● **Data excerpt**:
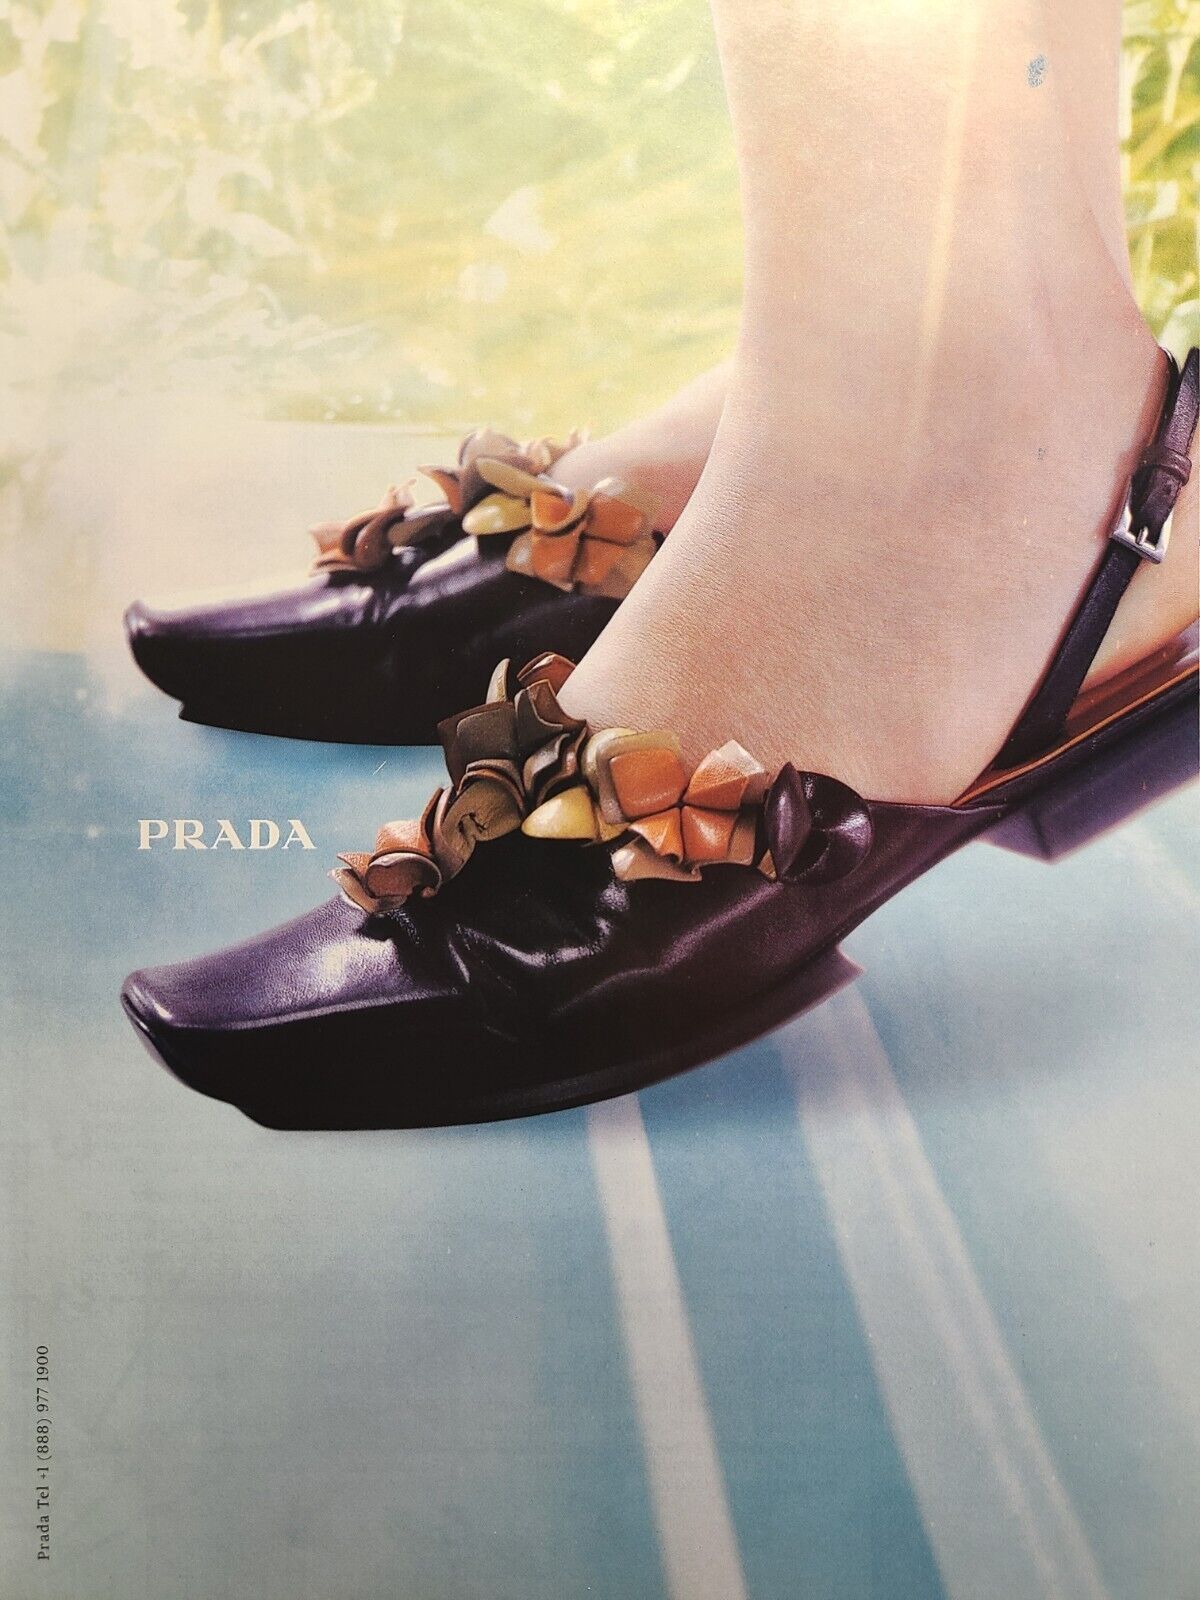 Prada Women's Shoes Leather Jade Floral Slingback Platform Vintage Print Ad 1999
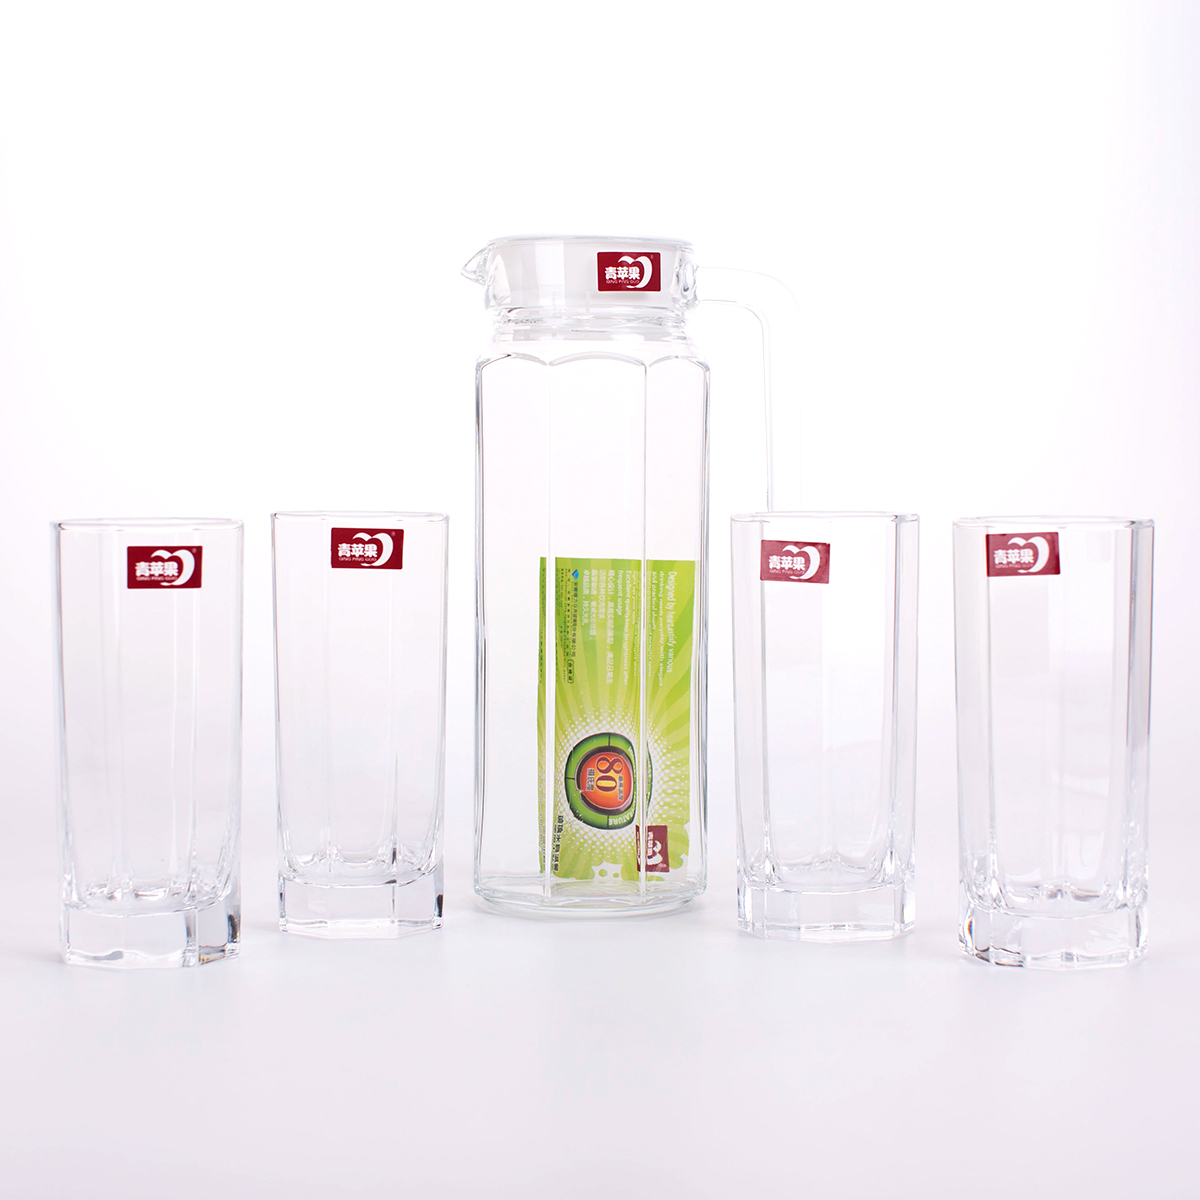 新品上市 青苹果 5件套玻璃杯水具套装 家用水杯杯具 玻璃杯套装
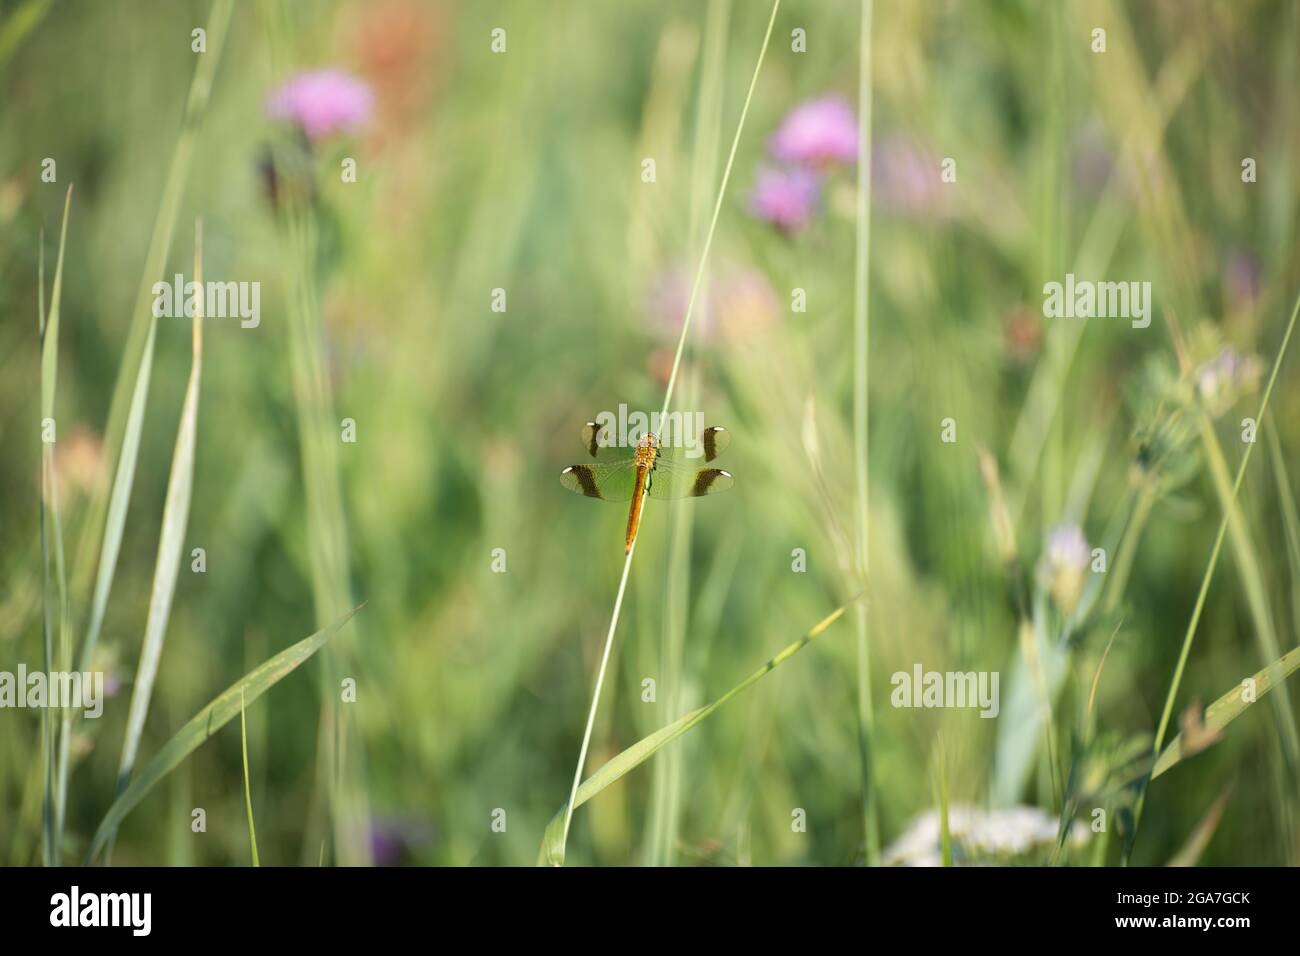 Una mosca di drago è seduta su una lama di un'erba, regione di Kaluga, Russia Foto Stock

● **What you should do**: All that is needed here is the run of lines from the one containing "新品上市 青苹果 5件套玻璃杯水具套装 家用水杯杯具 玻璃杯套装" through the end of the material above, reproduced exactly and without pictures.

● **Result for this exercise**:
 新品上市 青苹果 5件套玻璃杯水具套装 家用水杯杯具 玻璃杯套装
 Una mosca di drago è seduta su una lama di un'erba, regione di Kaluga, Russia Foto Stock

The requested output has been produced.